1 lb. dried white beans such as great northern, navy, or
1 ham hock, split, or about 1⁄2 lb. smoked pork necks,
ham bone, or ham
1 medium onion, halved
Salt and freshly ground black pepper
1. Place beans in a medium saucepan and cover with 3" cold water. Soak overnight. (Or, as a shortcut, simply cover beans with cold water and cook over high heat just to the boiling point. Remove from heat, cover, and allow to sit for 1 hour.)

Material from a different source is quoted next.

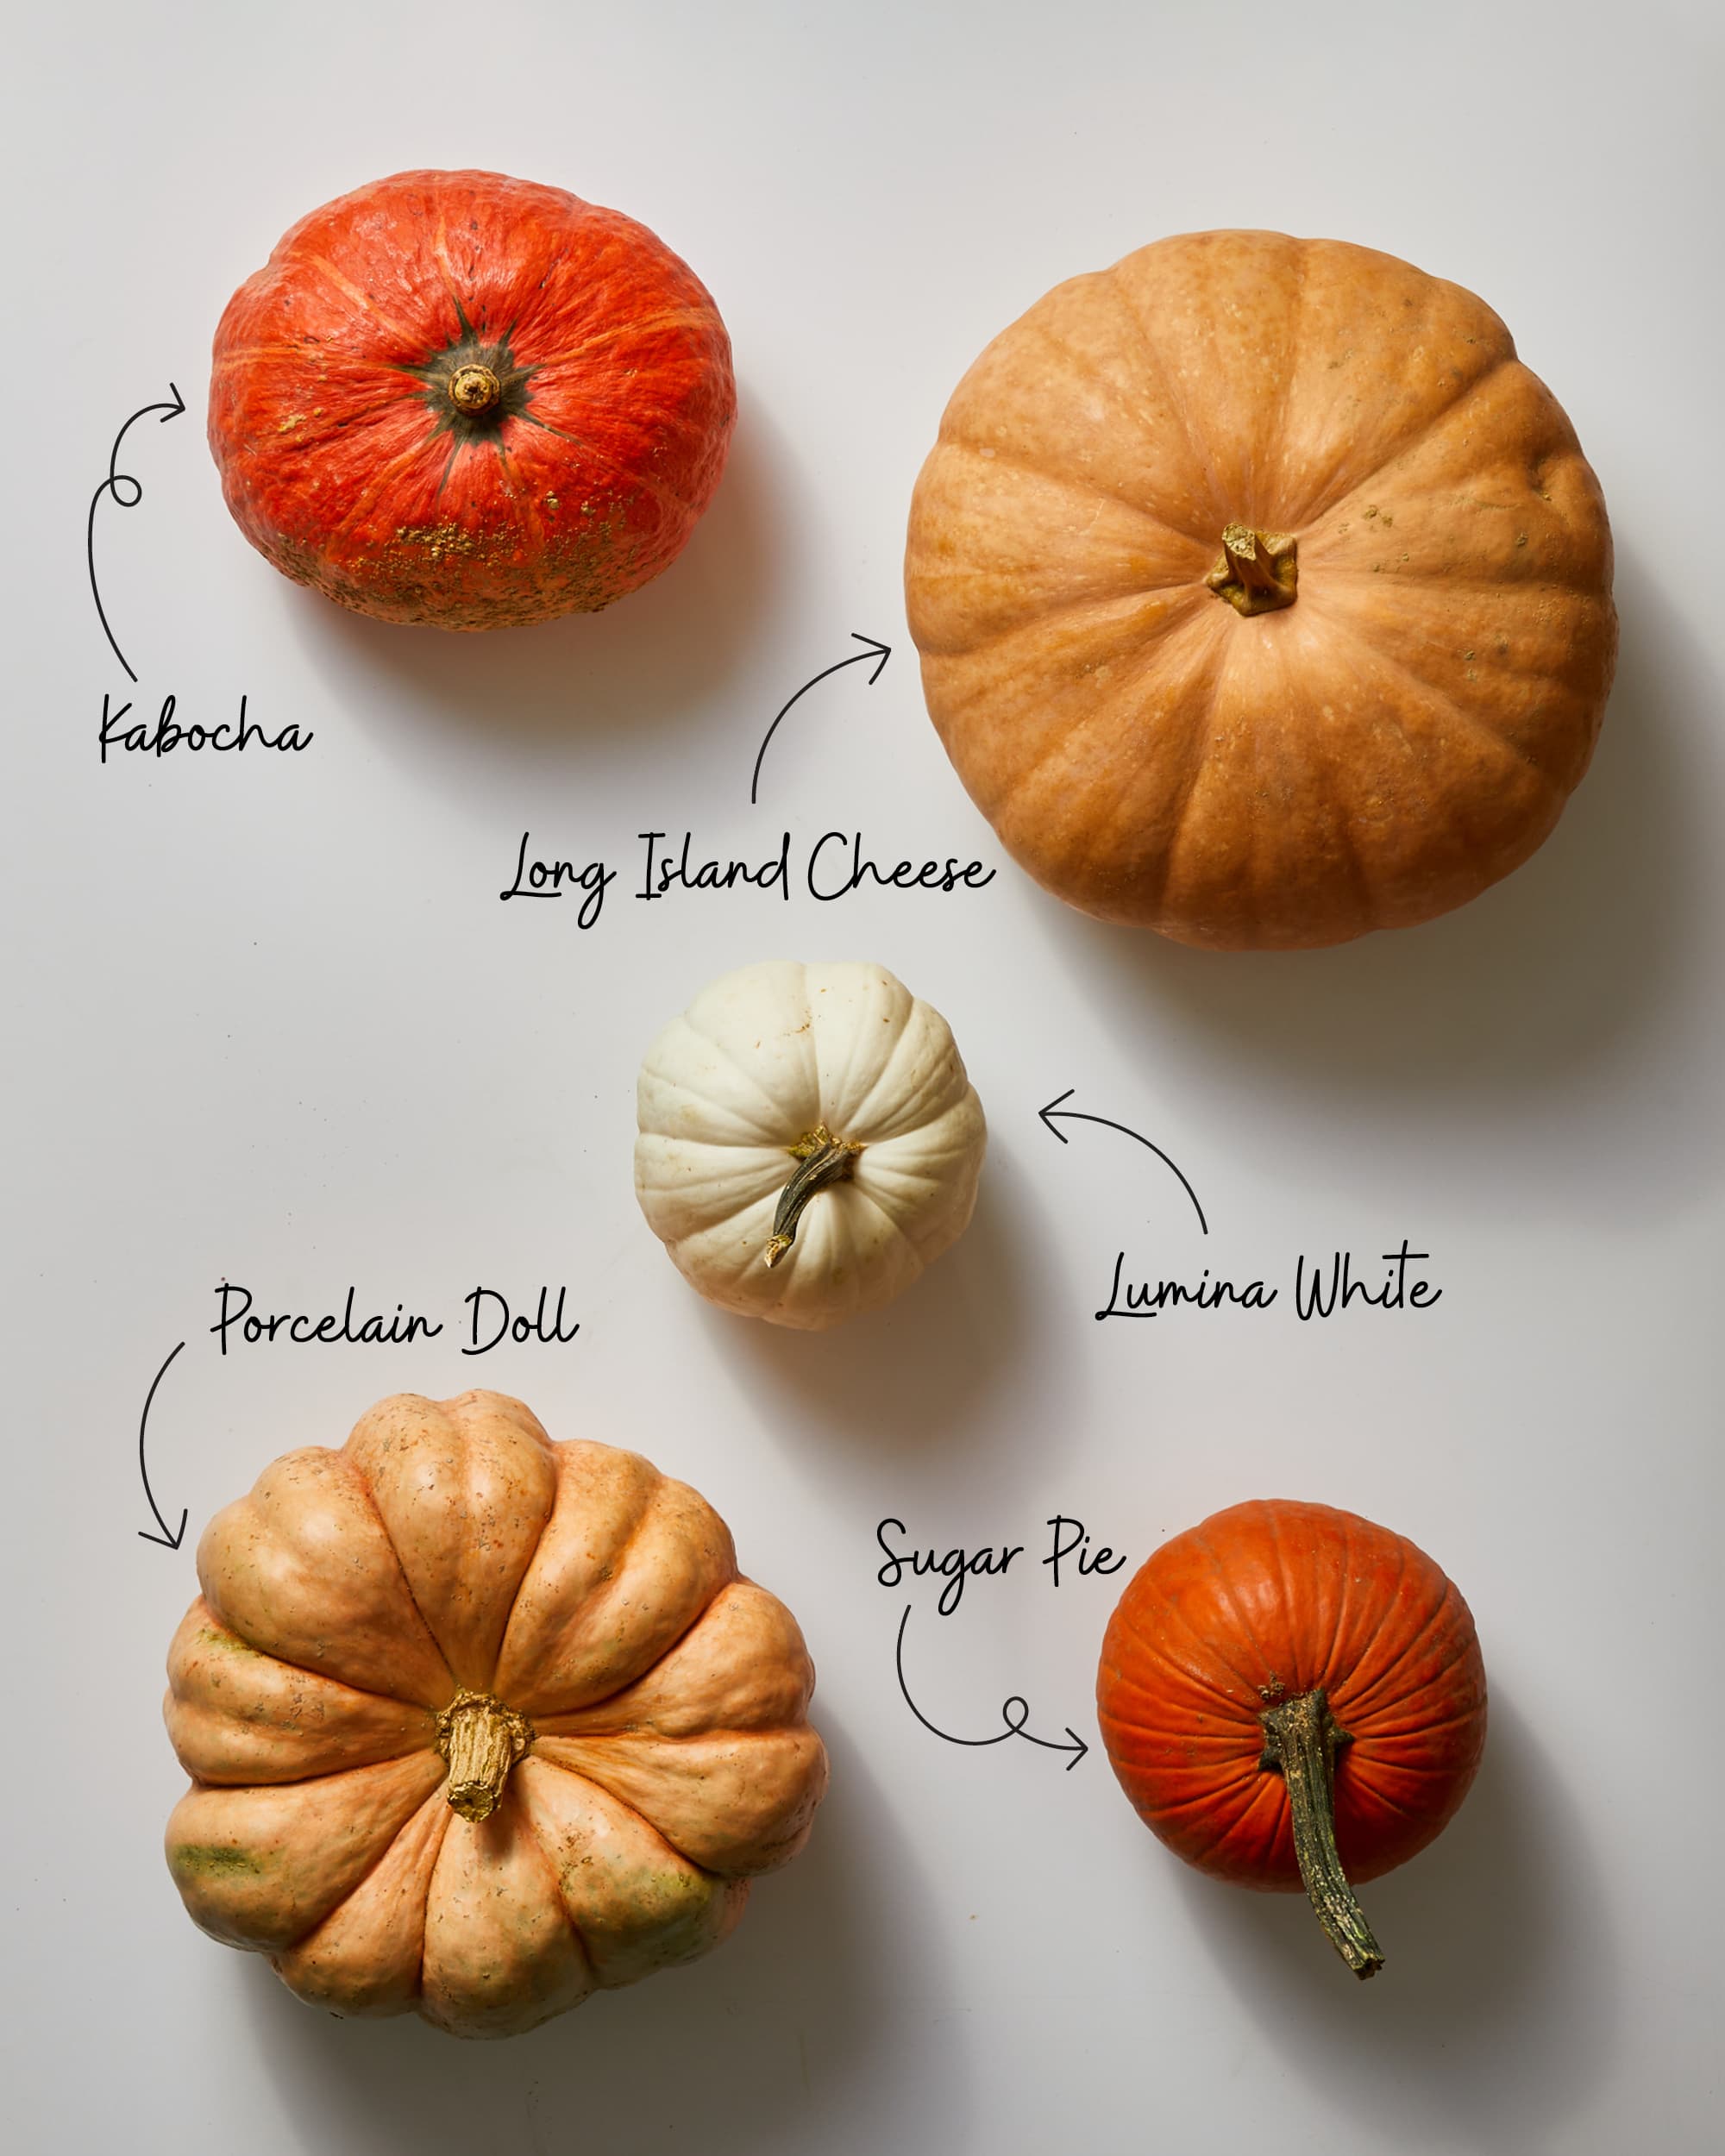 pie pumpkins varieties

2. Drain beans and return to pan. Cover with 2" cold water. Add ham hock and onion halves and bring to a boil over high heat. Reduce heat, cover, and simmer until beans are very tender. (Some of the beans will fall apart and form a thick sauce.) This will take anywhere from 1 1⁄2–3 hours, depending on the age of the beans. (If desired, remove ham hock from beans. Pull off meat, cut it into bits, and return meat to beans. Discard bone and gristle.)
3. Taste beans and adjust seasoning with salt and plenty of pepper. This dish is best served hot with Leroy's Spicy Cabbage. The beans will keep—and even improve—for several days in the refrigerator.